Four years later, the end of WaMu, but not the questions...
Washington Mutual is now WMI Holdings Corp. No, this isn't a 2008 blog post that suddenly popped up four years later. The remains of old WaMu that weren't plucked by JPMorgan Chase completed its Chapter 11 bankruptcy reorganization this week. According to Dow Jones Newswires, WMI "consists primarily of WM Mortgage Reinsurance Co., a legacy reinsurance business incorporated in Hawaii and funded by a $75 million contribution from some WMI creditors."
So that's that.
Four years later, downtown Seattle has recovered from the loss of a major corporate headquarters. The thousands of employees who lost their jobs and shareholders who were ruined -- probably not so much. Chase gained its nationwide network by purchasing the "good" part of WaMu. Like its too-big-to-fail/exist cousins, it is bigger than ever. Yet Seattle's relative isolation from America's media centers shows as this bookend to the biggest bank failure in American history goes largely unremarked.
That's a shame. Like every other instance of the cooks who made the Great Recession, the bigs at WaMu got away with it. No federal prosecution. No demand that they return obscene compensation that was an incentive for risky, or worse, dealings. No meaningful re-regulation (Glass-Steagall, etc.). Unlike most others, Washington Mutual was allowed to go down, Lehman-style, as the regulators dithered and then desperately improvised.

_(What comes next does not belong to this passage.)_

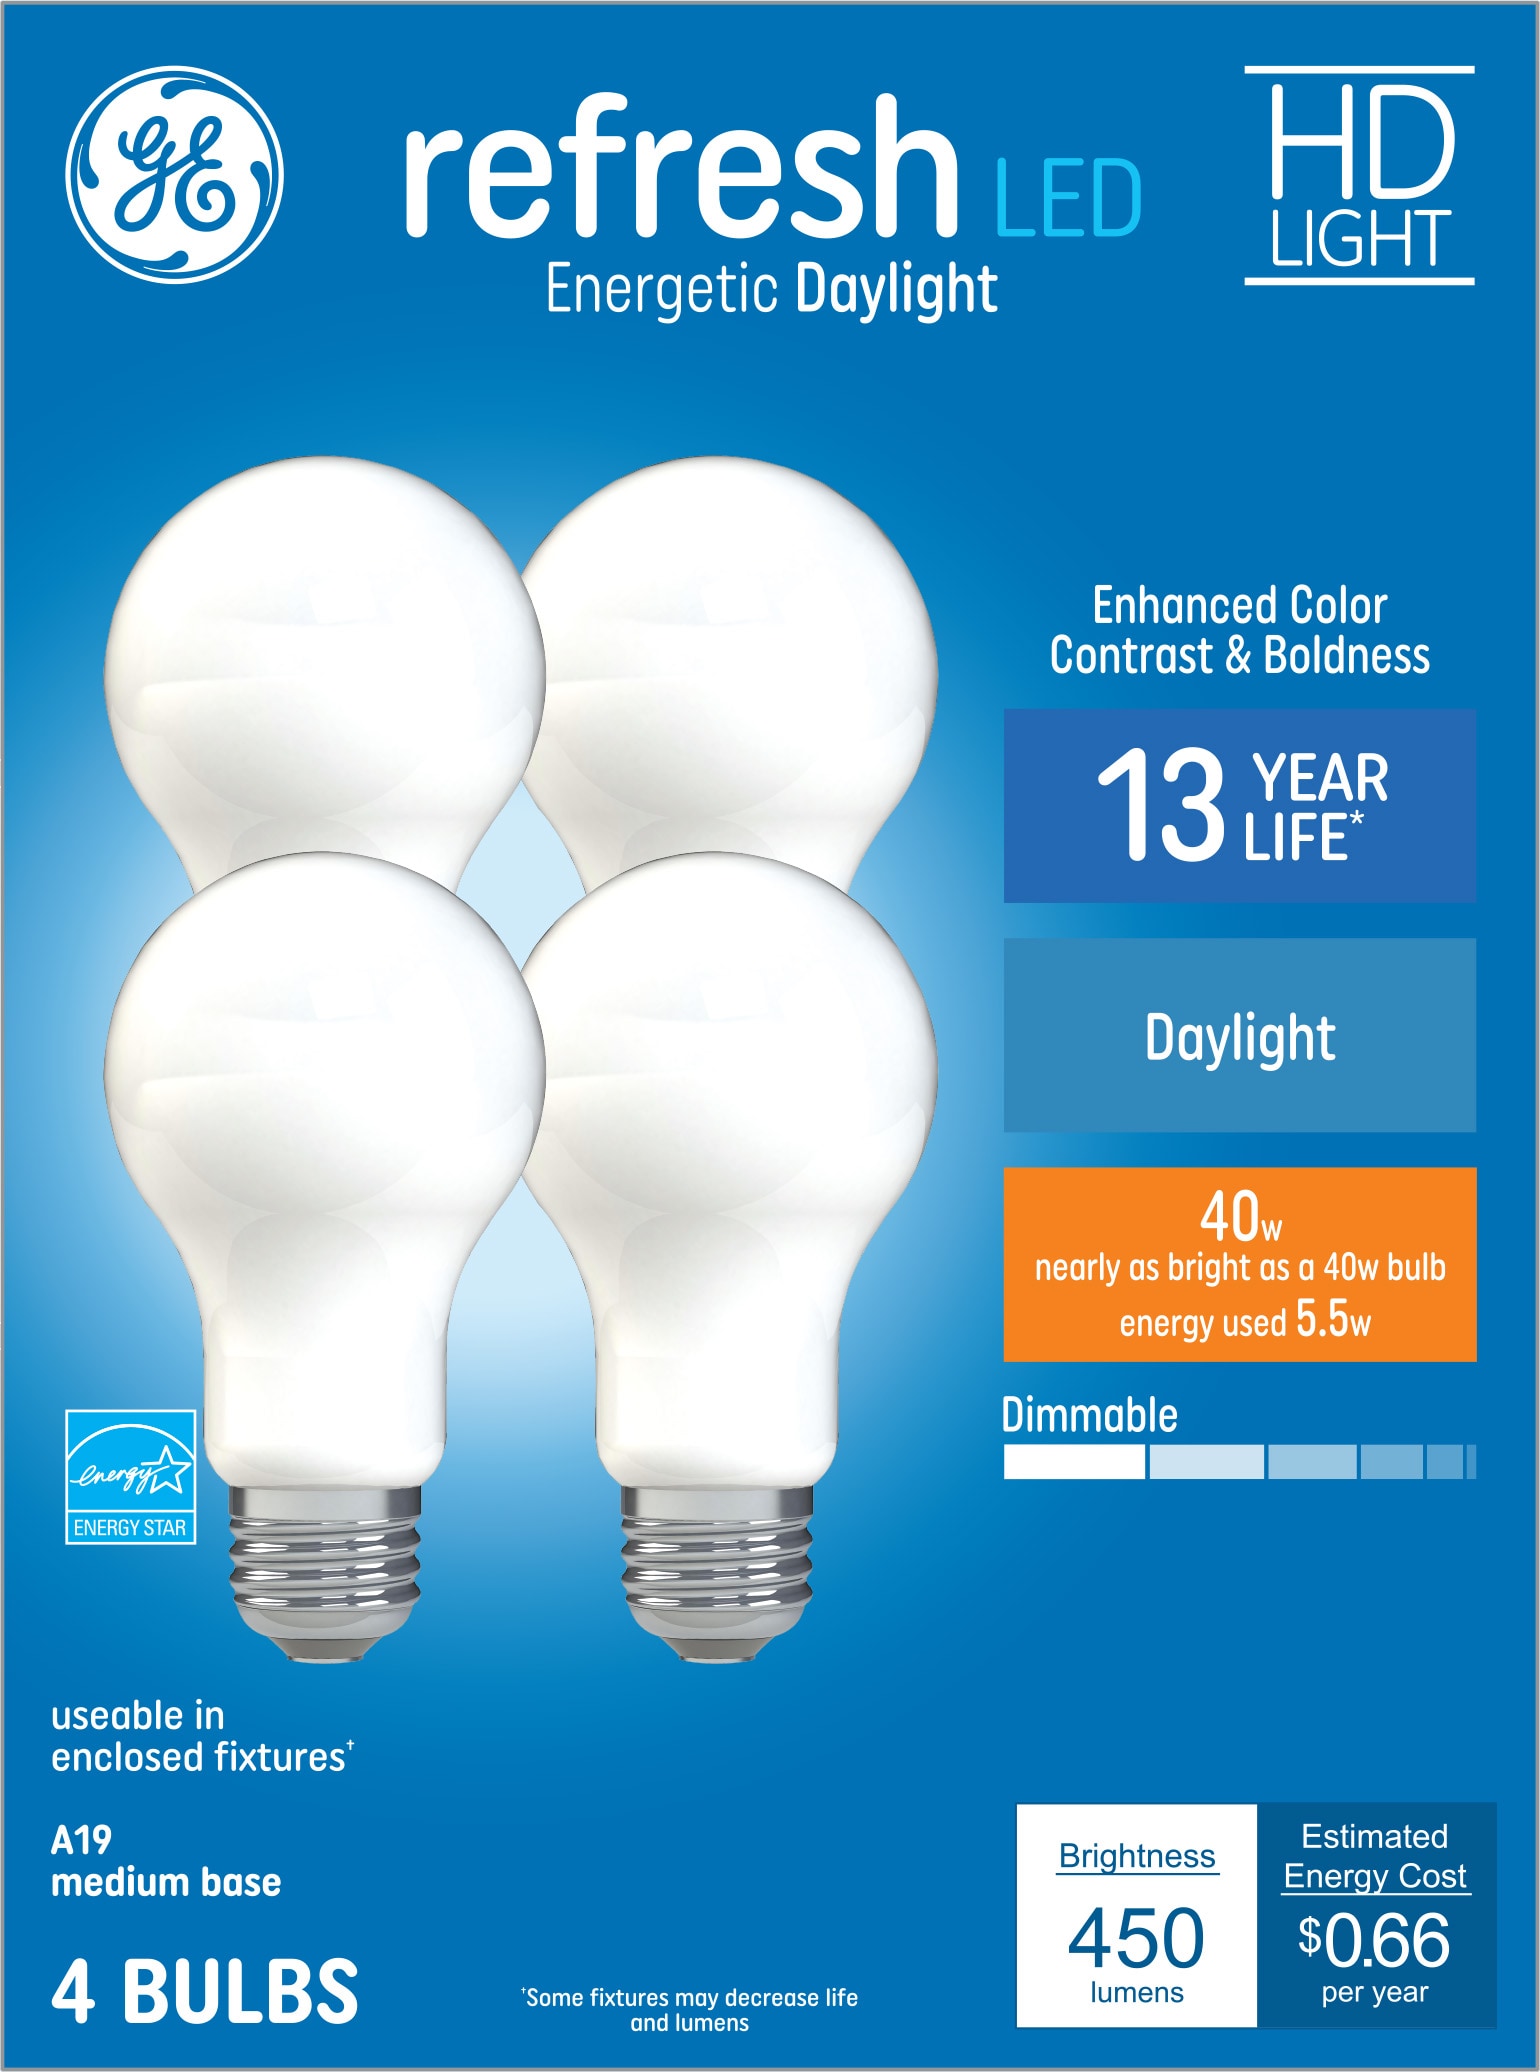 GE LED Light Bulbs, Refrigerator or Freezer Light Bulb, 4.5 Watt, Daylight  (1 Pack)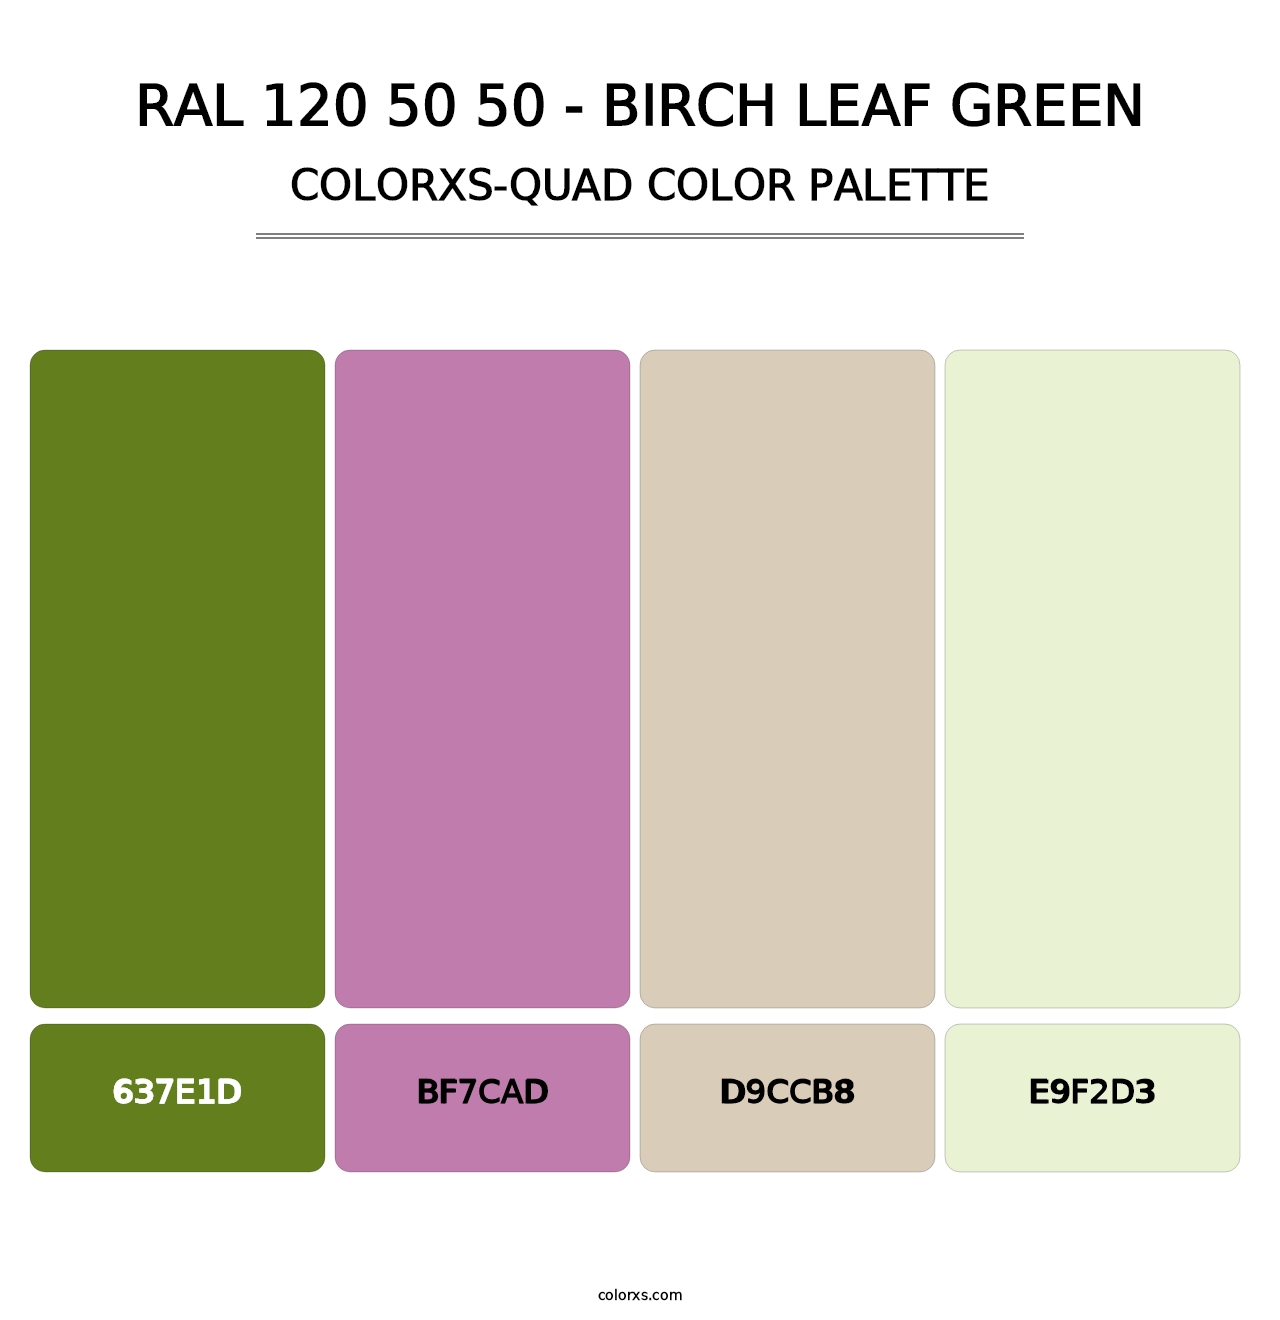 RAL 120 50 50 - Birch Leaf Green - Colorxs Quad Palette

The more politically connected large institutions were bailed out. And after WaMu, the decision was made to save any and all. Seattle lost a major financial institution and banking was even more concentrated in the east. Why did this happen, where there was obviously a sound part of WaMu that could have been saved? Instead, the big, and well-connected, got bigger.
We may never know all the answers. The larger crisis of institutional legitimacy and lack of accountability is a national cancer. Still, I'm looking forward to the June publication of The Lost Bank, by Kirsten Grind, formerly of the Puget Sound Business Journal, now at the Wall Street Journal (and who previously held a temporary job at the Seattle Times). This book about WaMu's collapse should at least remind us of the lessons unlearned, the damage done and the damage that awaits if we don't change course.